Pada hari pertunjukan, satu jam sebelum konser dimulai, kursi telah terisi penuh. Penonton telah siap. Pun dengan Sang ayah dan putranya yang tepat berada di sampingnya. Seperti halnya anak kecil sepantarannya, anak ini pun tidak betah duduk diam. Tanpa sepengetahuan ayahnya, ia menyelinap pergi.
Lampu gedung mulai diredupkan, sang ayah terkejut terlambat menyadari bahwa putranya tidak ada di sampingnya. Lebih terkejut lagi ketika melihat anaknya menuju panggung pertunjukan, dan sedang berjalan menghampiri salah satu piano yang disediakan untuk sang Pianis tersebut.
Rasa ingin tahunya sedemikian besar. Tanpa takut si anak duduk di depan piano dan mulai memainkan sebuah lagu. Lagu sederhana, lagu yang baru beberapa bulan lalu dipelajari dalam kursusnya. Dengan keterampilan seadanya, mulailah mengalun lagu Twinkle-twinkle Little Star.
Sang operator terkejut mendengar adanya suara piano. Ia mengira bahwa konser telah dimulai.Tanpa sadar ia menyorotkan lampunya ke tengah panggung. Seluruh penonton terkejut, sebagian mengeluh dan meneriakkan “Hhhhhhuuuuuu…..”, melihat di panggung bukan sang pianis yang mereka idolakan melainkan hanyalah seorang anak kecil, seperti sedang berlatih bermain piano.
“Hai…Nak, kalau belajar piano jangan distu. Ini panggung terhormat…” teriak seorang penonton. “Rugi aku, sudah bayar mahal hanya untuk menonton pertunjukkan anak kecil…” lainnya menimpali. “Panitianya mana, masa kita hanya disuruh menndengarkan musik yang nggak karuan nadanya…” umpat lainnya.
Melihat kegaduhan di panggung, Sang pianis pun terkejut. Ia bergegas naik ke atas panggung. Melihat anak tersebut, bukannyai marah, ia tersenyum dan berkata, “Teruslah bermain, Nak. Ulangi lagi…Teruskanlah permainanmu…” Sang pianis menyemangati sambil duduk di depan piano yang lain. Sang anak yang mendapat ijin, meneruskan permainannya, tanpa menghiraukan para penonton.

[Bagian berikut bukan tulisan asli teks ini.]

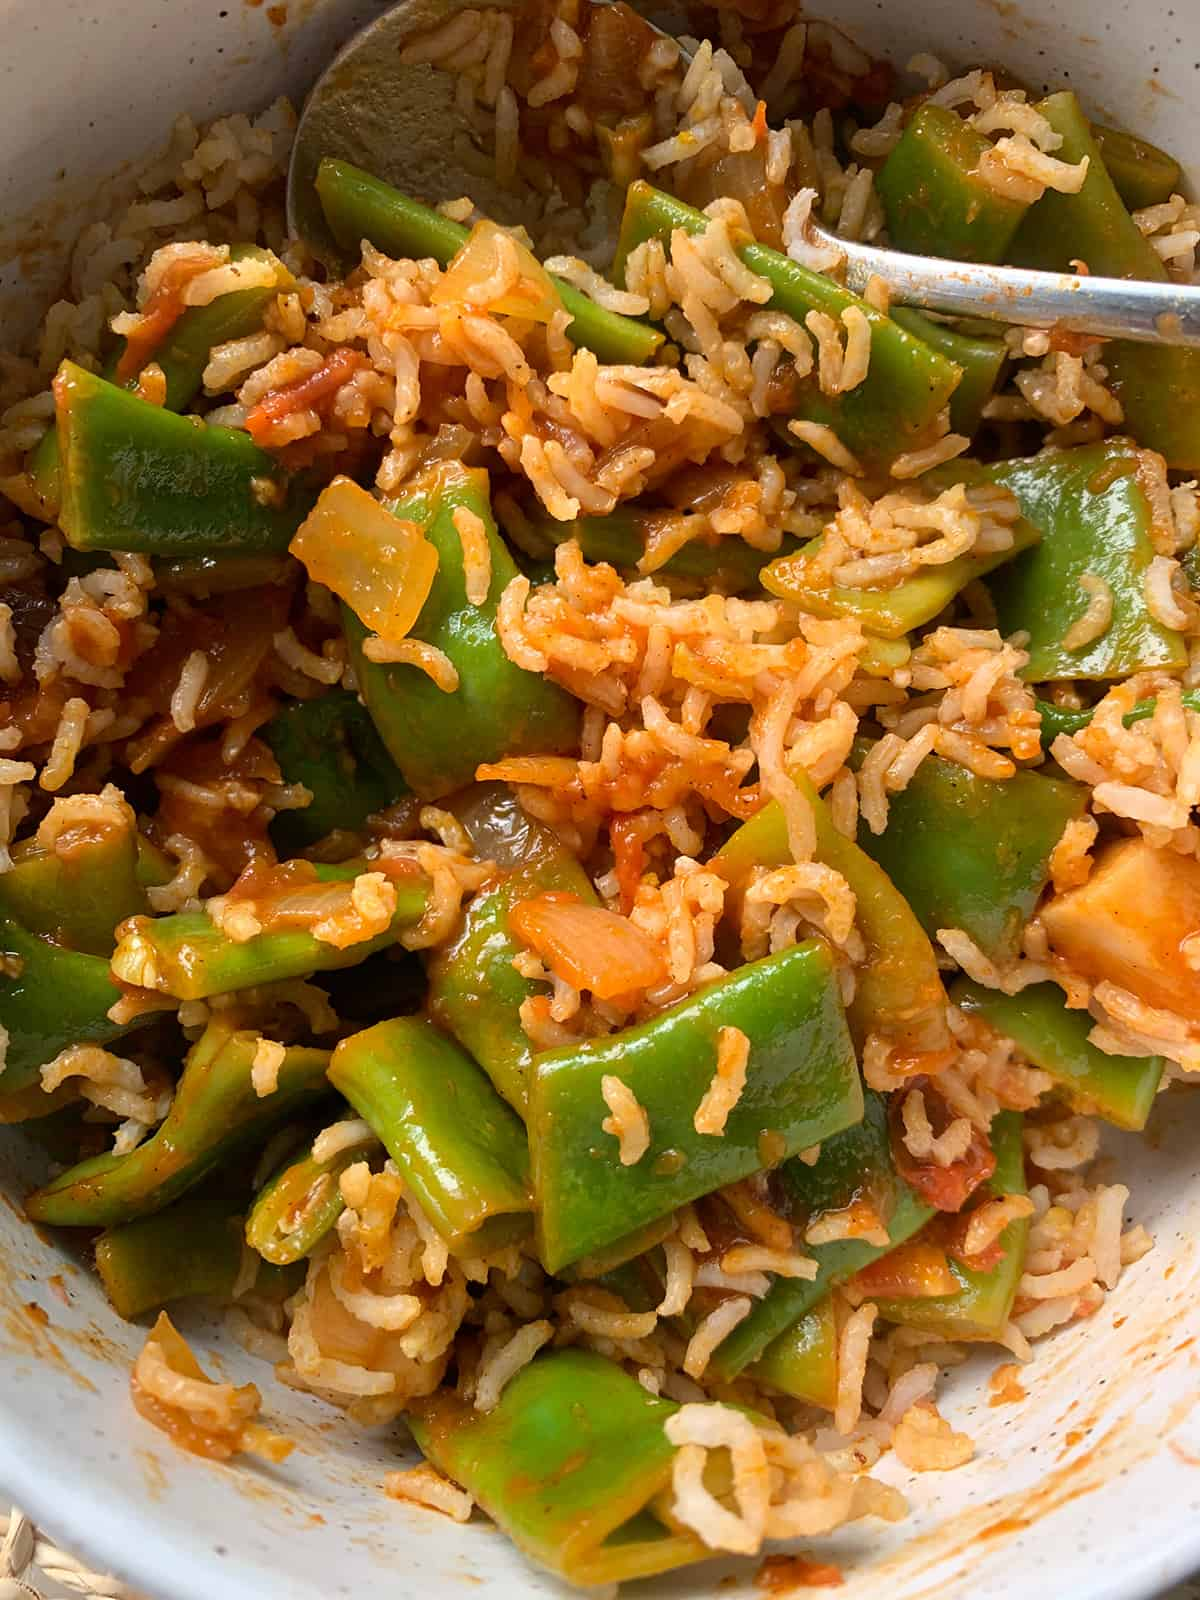 Green Beans - Loubieh bi Zeit mixed with brown basmati rice
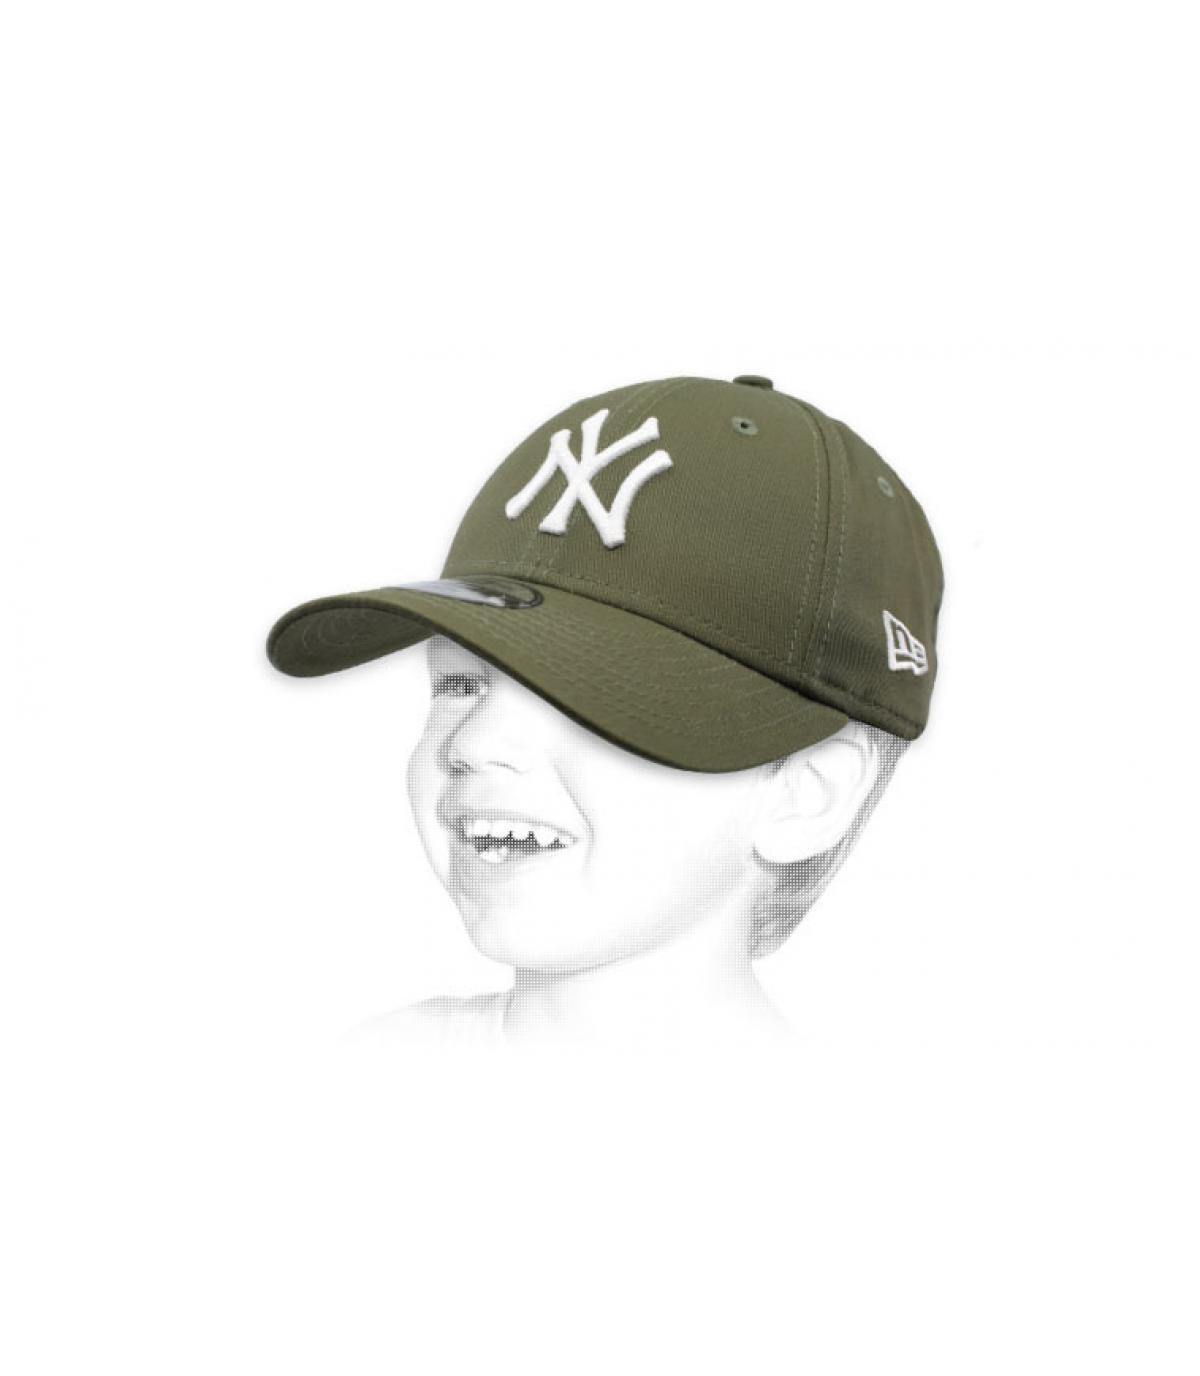 gorra niño NY verde

Sang pianis lalu duduk di samping anak itu dan mulai bermain mengimbangi permainannya. Ia mengisi nada-nada yang kosong, hingga ketukan permainan menjadi rapat dan kompleks. Hingga akhirnya tercipta suatu komposisi permainan rumit namun sangat indah. Nada yang awalnya berantakan, ketukan yang tidak teratur lama kelamanan menjadi ritmis dan harmonis. Bahkan mereka seakan menyatu dalam permainan piano tersebut.
Pelan-pelan para menonton mulai merasakan permainan yang indah. Kegaduhan mulai reda . Mereka seakan terhipnotis dengan permainan yang sedang didengarkan. Musik yang sederhana itu menjadi sebuah konser piano yang rumit dan indah. “Kenapa musik ini menjadi enak sekali ya…”, komentar salah satu penonton yang seakan baru saja tersadar.